▸ **Exercise instructions**
Give the data again exactly as written, skipping any pictures.

== Provided material ==

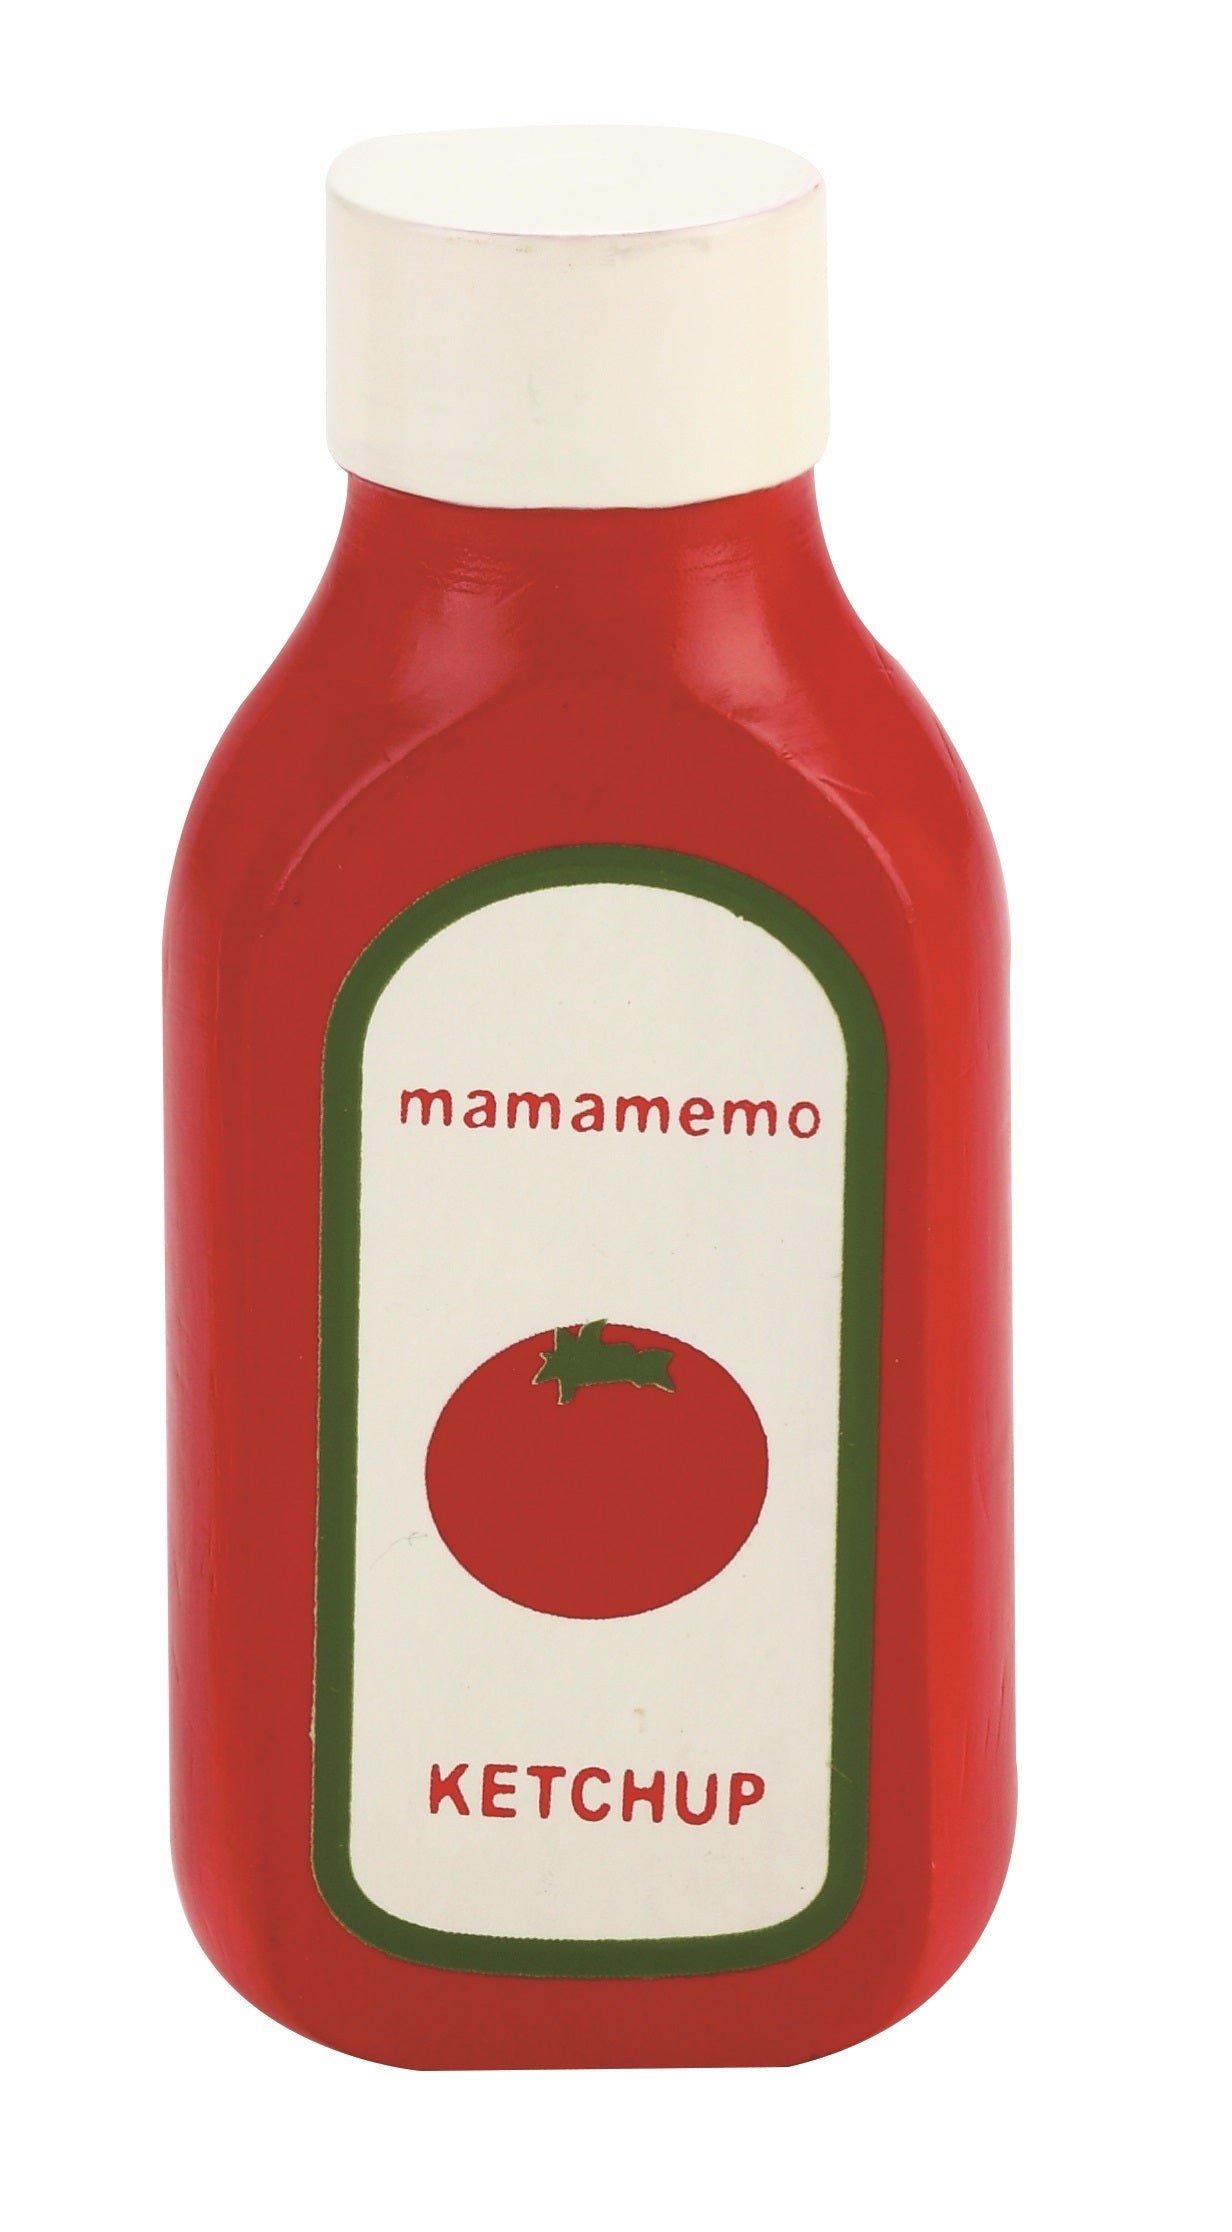 Mamamemo Ketchup
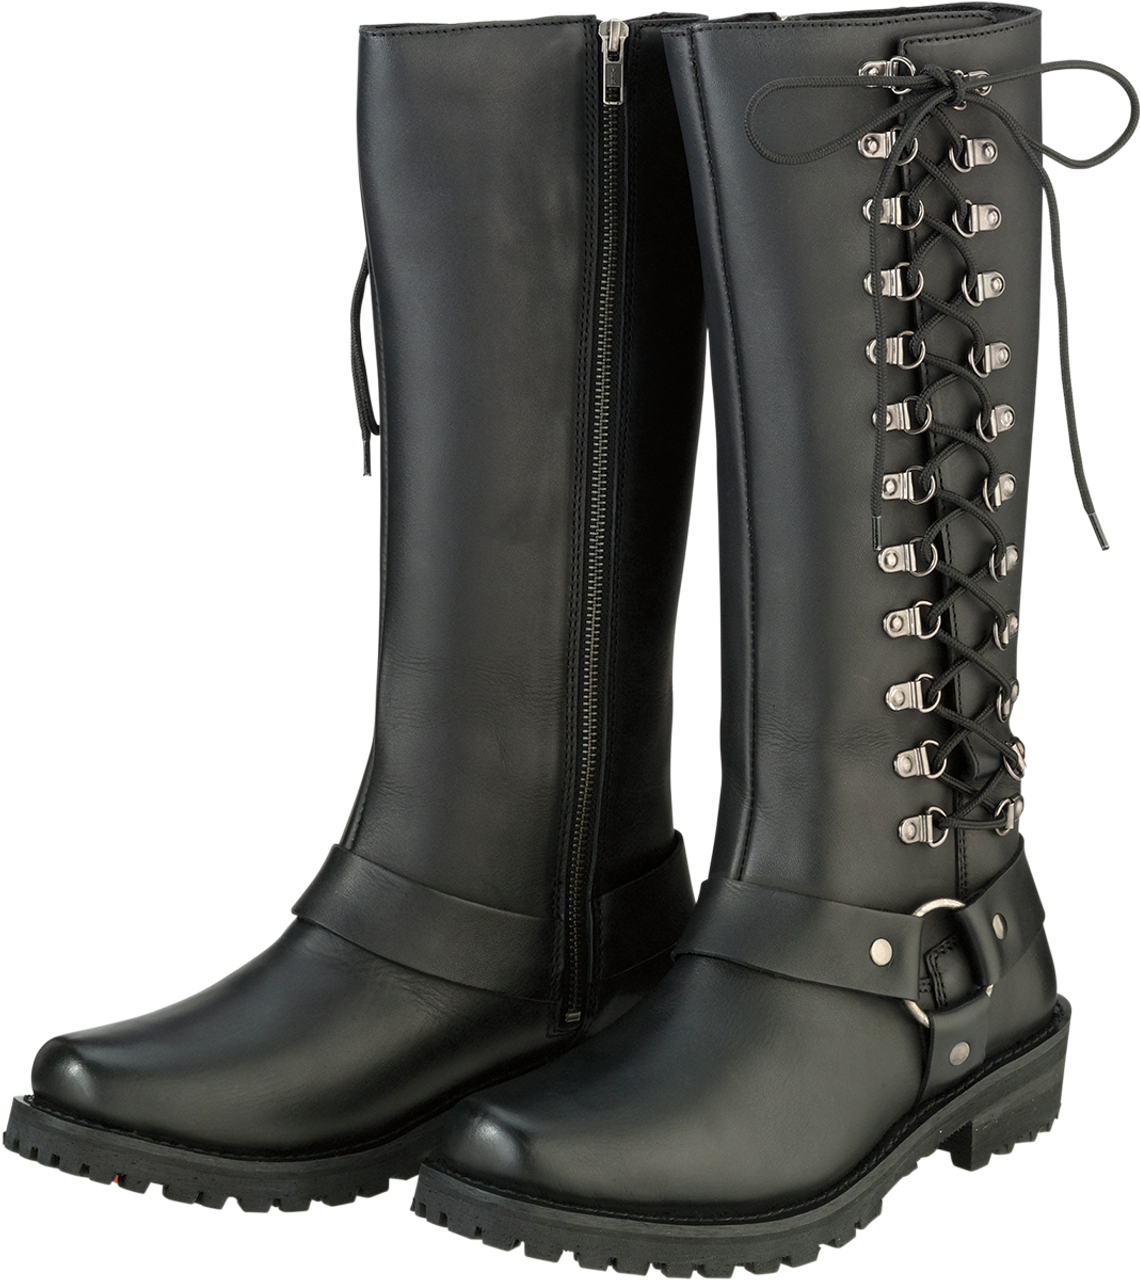 Womens Savage Boots - Black - Size 6 - Lutzka's Garage
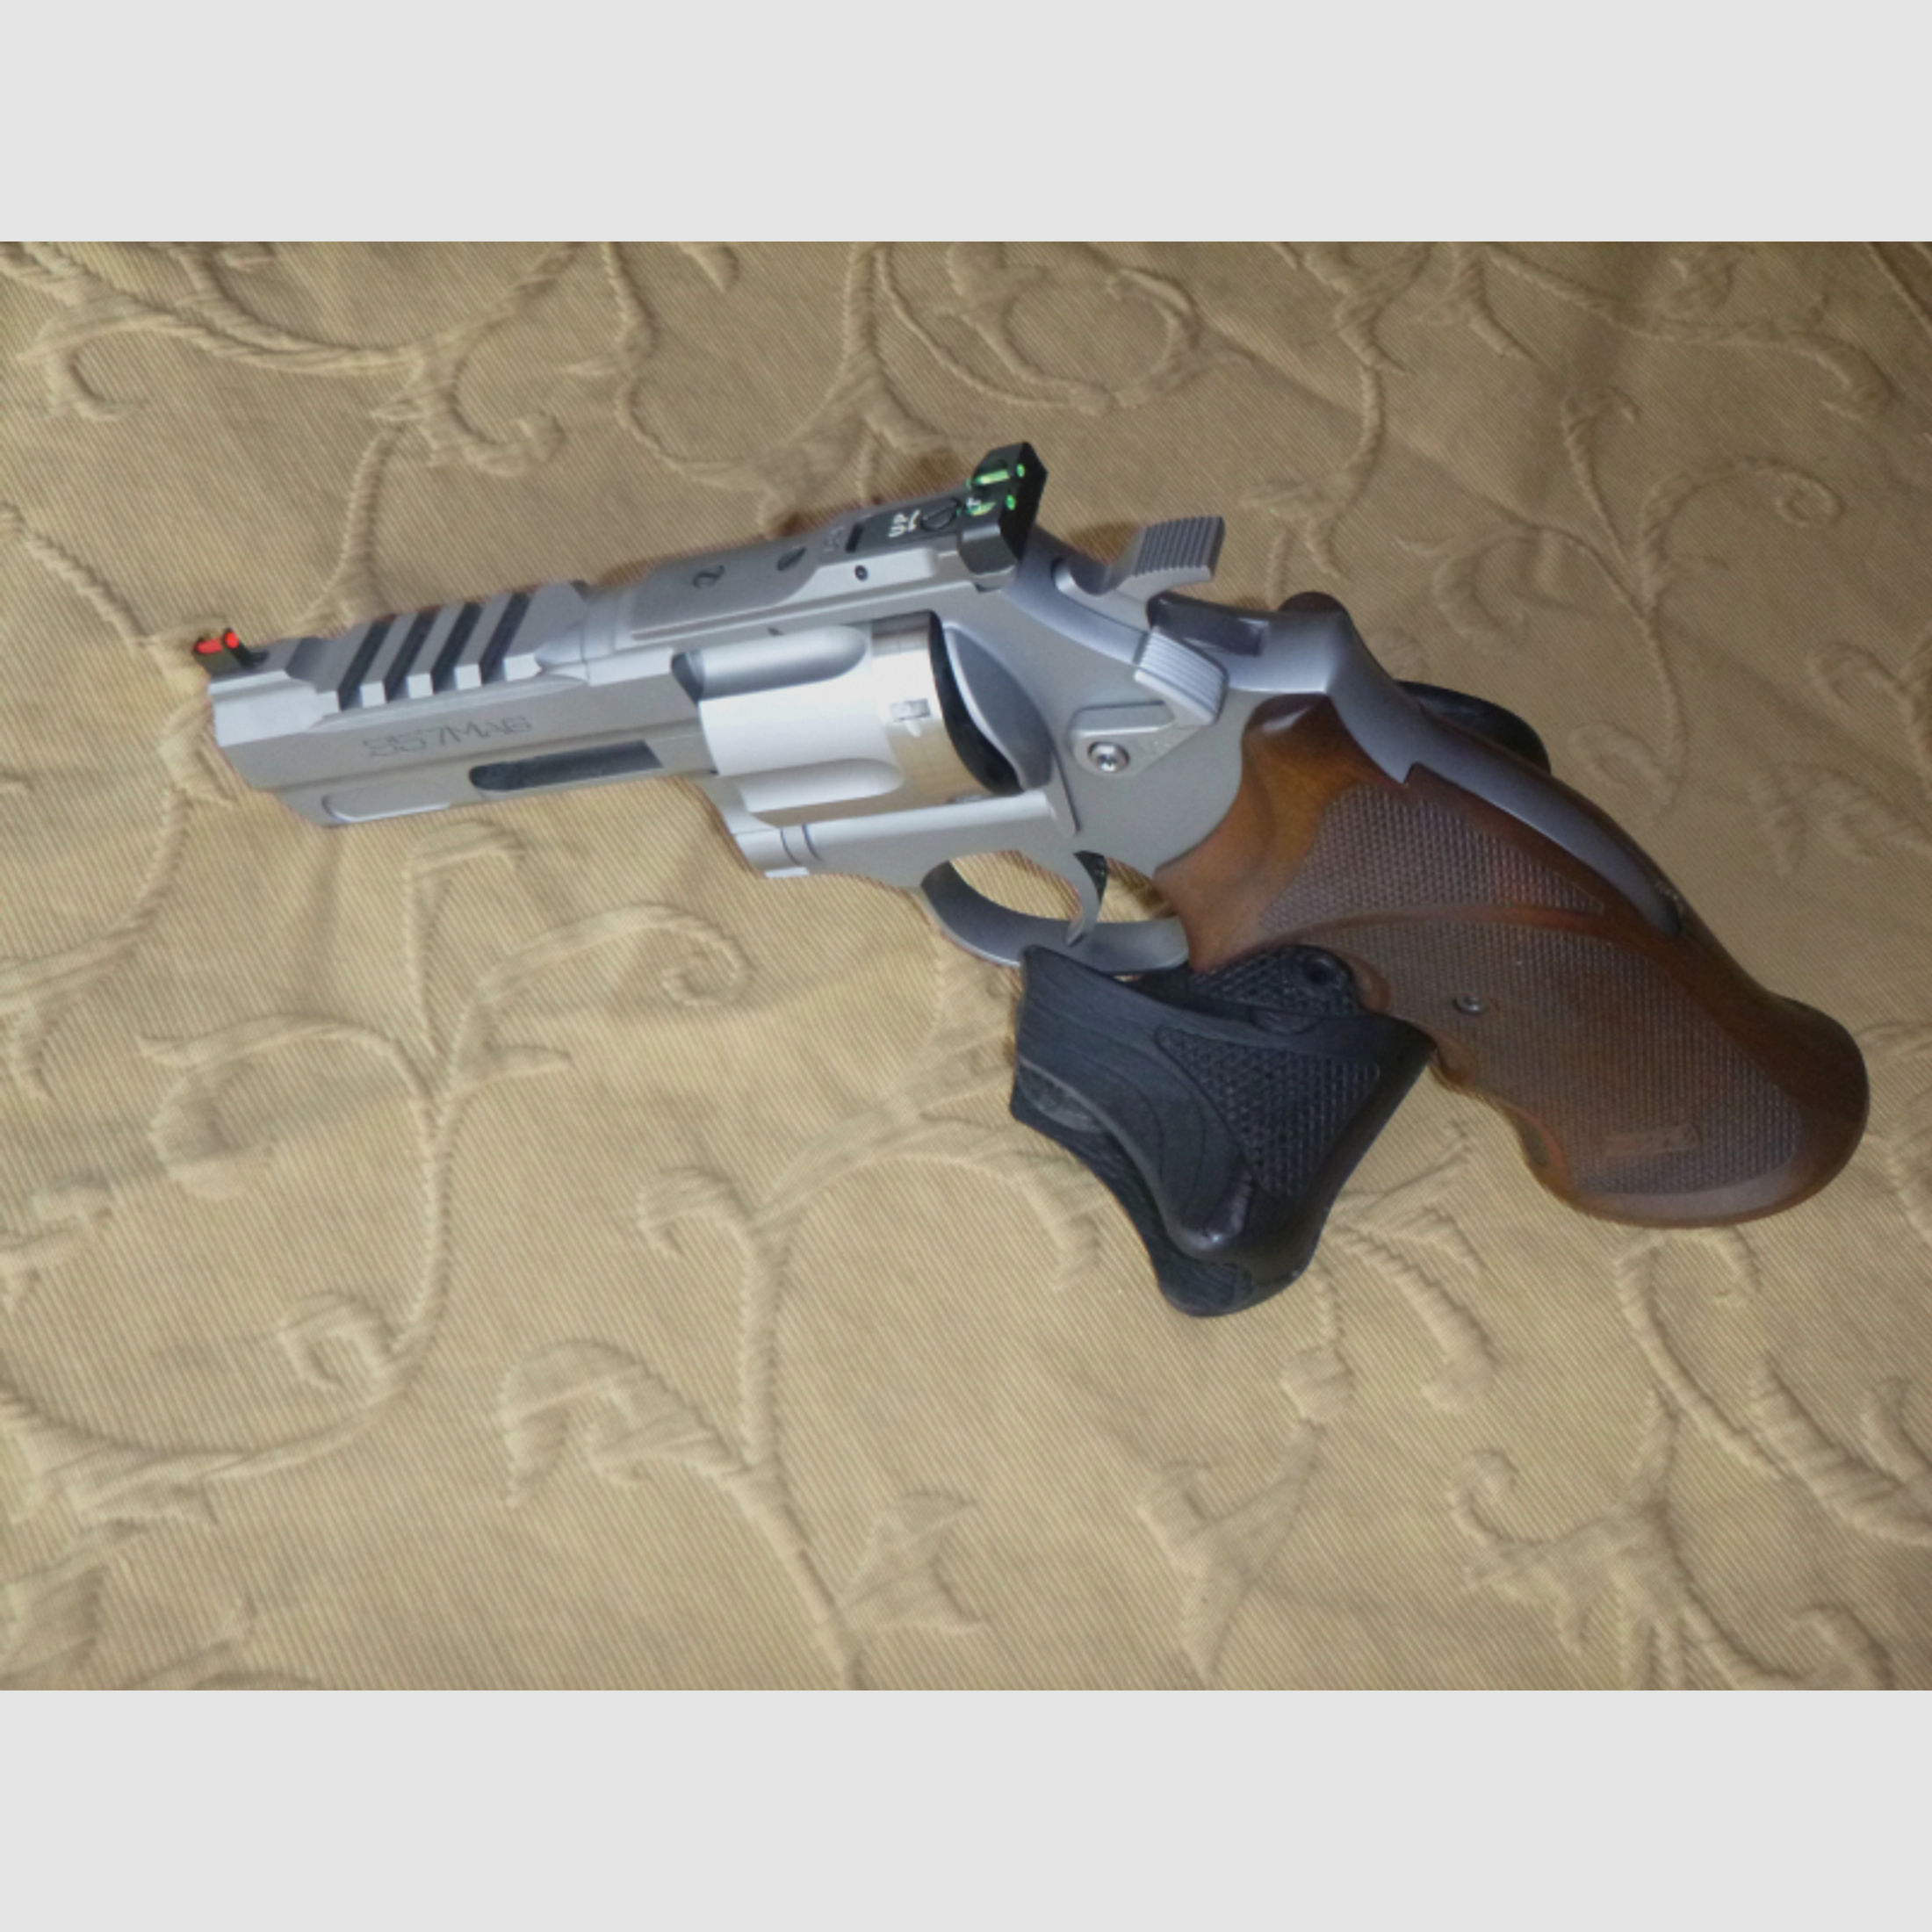 Spohr 284 Carry Stainless 4" Revolver .357Mag

===

▸ **Written answer**
 Mamamemo Ketchup
 Womens Savage Boots - Black - Size 6 - Lutzka's Garage
 Spohr 284 Carry Stainless 4" Revolver .357Mag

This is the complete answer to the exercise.